# 12' garage work bench surface ideas?



## joecaption (Nov 30, 2011)

I just build a 2 X 4 frame (like your building a deck) and set it up on top of the cabinets just like you would install a countertop. You can screw the back 2 X 4 to the studs. Add 3/4" plywood, for a back splash just stand up a 2 X 4 on end if you want. Any porch and deck paint would be tough and could be cleaned and touched up easly.


----------



## mae-ling (Dec 9, 2011)

Tempered hardboard on top of plywood makes a good surface.


----------



## SeniorSitizen (Sep 10, 2012)

mae-ling said:


> Tempered hardboard on top of plywood makes a good surface.


:thumbup: and if glued down using several strategically placed ( choose your own size ) squares, rectangles or strips of kraft paper and Elmer's it will be a snap to replace in 20 years if desired. The paper will split when you lift it.


----------



## DIYguy2000 (Nov 4, 2009)

I like the tempered hardboard idea on kraft paper. In my google search, someone recommended having the sides around the workbench 1/4" higher so that you can place the custom fitted hardboard inside, or 1/2" higher and cut two pieces of hardboard to fit inside so you can just exchange the two surfaces quickly when the old hardboard surface needs to be replaced.

It's probably worth a trip to a building store to see what materials they have in stock and get some more ideas.

Does hardboard have to be treated with anything?


----------



## Jackofall1 (Dec 5, 2010)

Butcher block top, available at the Swedish store for a reasonable price per slab, very durable and looks great.

Mark


----------



## Maintenance 6 (Feb 26, 2008)

Mine is 2 layers of 3/4 plywood laminated together with a 1/4 tempered masonite cap.
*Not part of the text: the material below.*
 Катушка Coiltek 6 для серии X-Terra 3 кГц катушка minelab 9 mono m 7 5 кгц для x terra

Then I have a 3/4"x 2-1/2" face board across the front. I built my own cabinets with 3/4 plywood sides which are plenty strong for support. Instead of taking up extra space with 2x4s, I'd cut some 3/4" plywood for extra support if you need it. I'd screw a 2x4 cleat to the wall behind the cabinet to rest the back of the counter top on.


----------



## DIYguy2000 (Nov 4, 2009)

Maintenance 6 said:


> Mine is 2 layers of 3/4 plywood laminated together with a 1/4 tempered masonite cap. Then I have a 3/4"x 2-1/2" face board across the front. I built my own cabinets with 3/4 plywood sides which are plenty strong for support. Instead of taking up extra space with 2x4s, I'd cut some 3/4" plywood for extra support if you need it. I'd screw a 2x4 cleat to the wall behind the cabinet to rest the back of the counter top on.


great ideas. I'm leaning towards also doing the same and using two layers of 3/4" plywood or MDF with a 1/4" hardboard top. My local home depot sells "standard hardboard", so I'll have to check around for a tempered hardboard. My understanding is that it's coated with linseed oil and baked to create a harder surface and more resistant to liquids?
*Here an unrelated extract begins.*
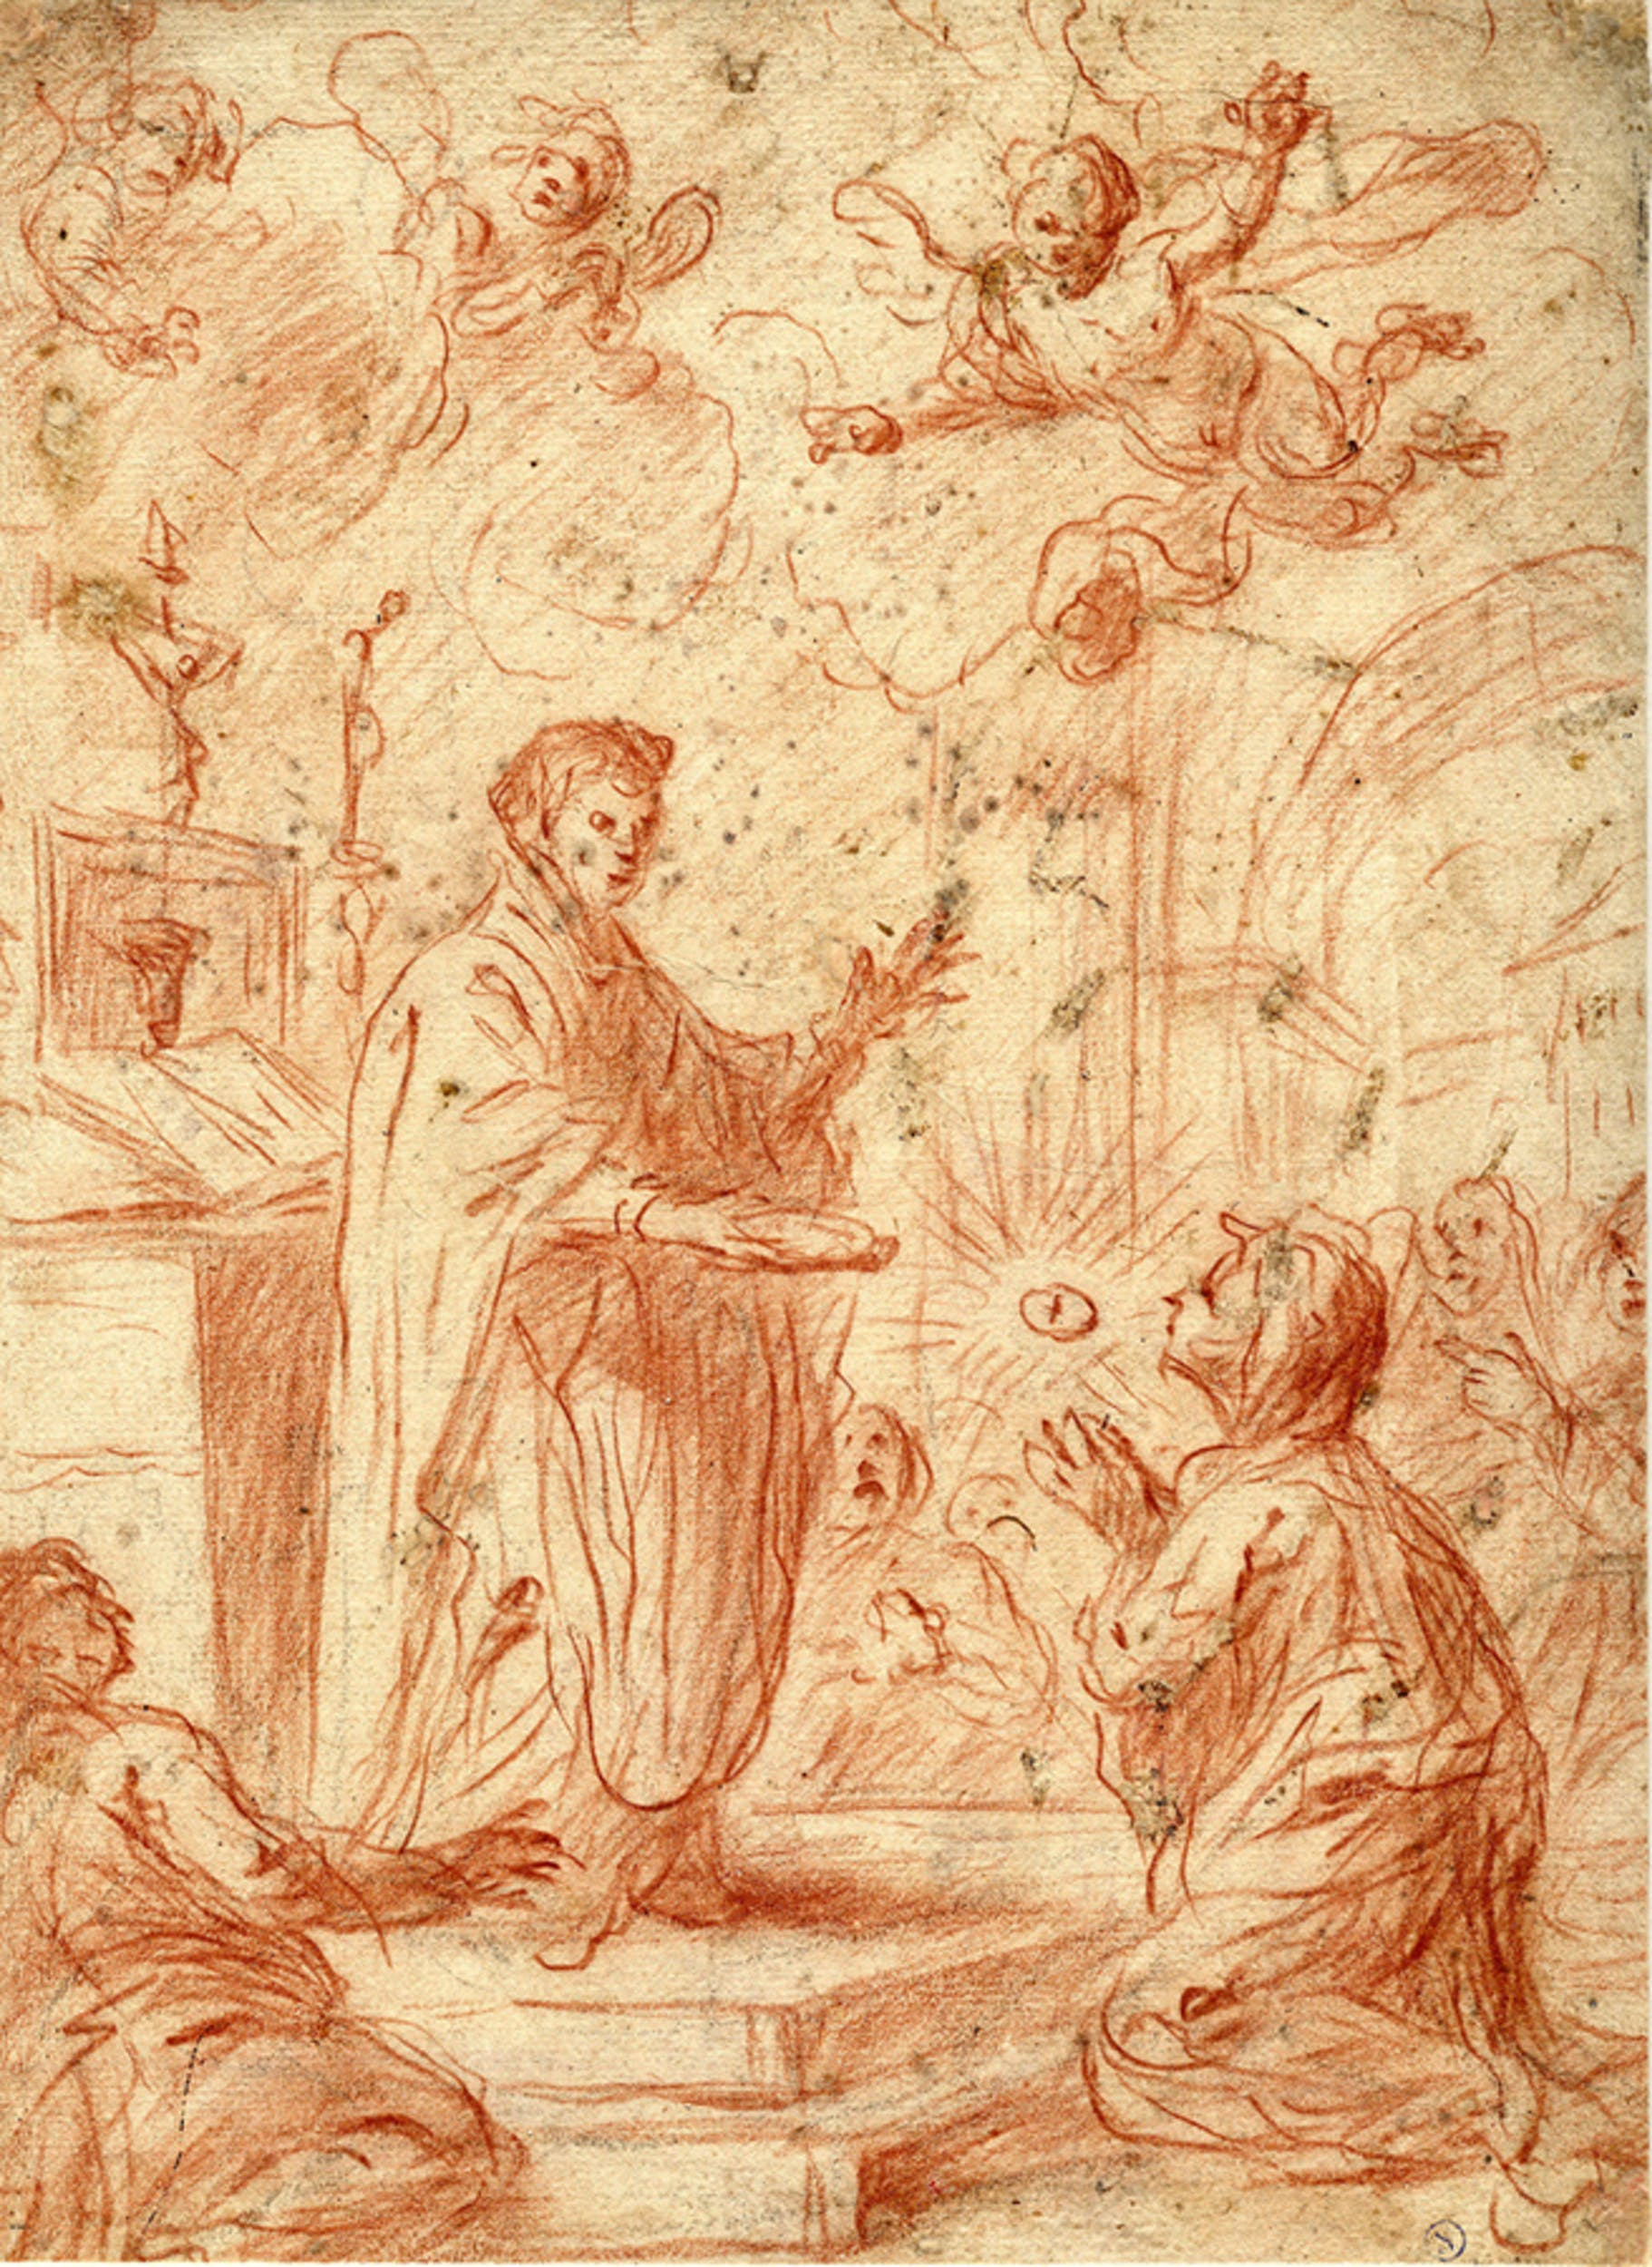 Giovanni Bilivert (Firenze 1585-1644) (attr.), Santa Teresa riceve l'Eucarestia, pietra rossa su carta

I like the idea of the 2x4 cleat. I was originally thinking I wanted the 2x4's to transfer the weight directly to the concrete floor, but the cleat will do the same thing, just through the studs to the foundation wall.
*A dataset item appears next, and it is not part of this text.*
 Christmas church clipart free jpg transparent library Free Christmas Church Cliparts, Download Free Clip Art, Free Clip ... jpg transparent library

I'm going to look into the idea of installing the face and side boards 1/4" or 1/2" proud so that I can 'drop in' one or two 1/4" sheets of hardboard. If it's not going to work well, I won't bother doing it. If that's the case, what do you recommend I do at the seam between the two hardboards since it's a nearly 12' long countertop?

I'm also looking at dropping a sink into the workbench as well. This may throw a monkey wrench into my plan of having the removable hardboard surface. I guess I could always build a 2x4 proud frame around the sink, on which the sink would sit, then the hardboard would have a large square cut out in the middle where it would fit around the sink 2x4 frame.

If all of this happens, I'll be sure to post some pictures of how it turns out.


----------



## ddawg16 (Aug 15, 2011)

A lot depends on what you plan to do on that bench.....if beating the bejesus out of an axle is in the equation along with liberal doses of oil and grease....I would avoid the butcher block idea.....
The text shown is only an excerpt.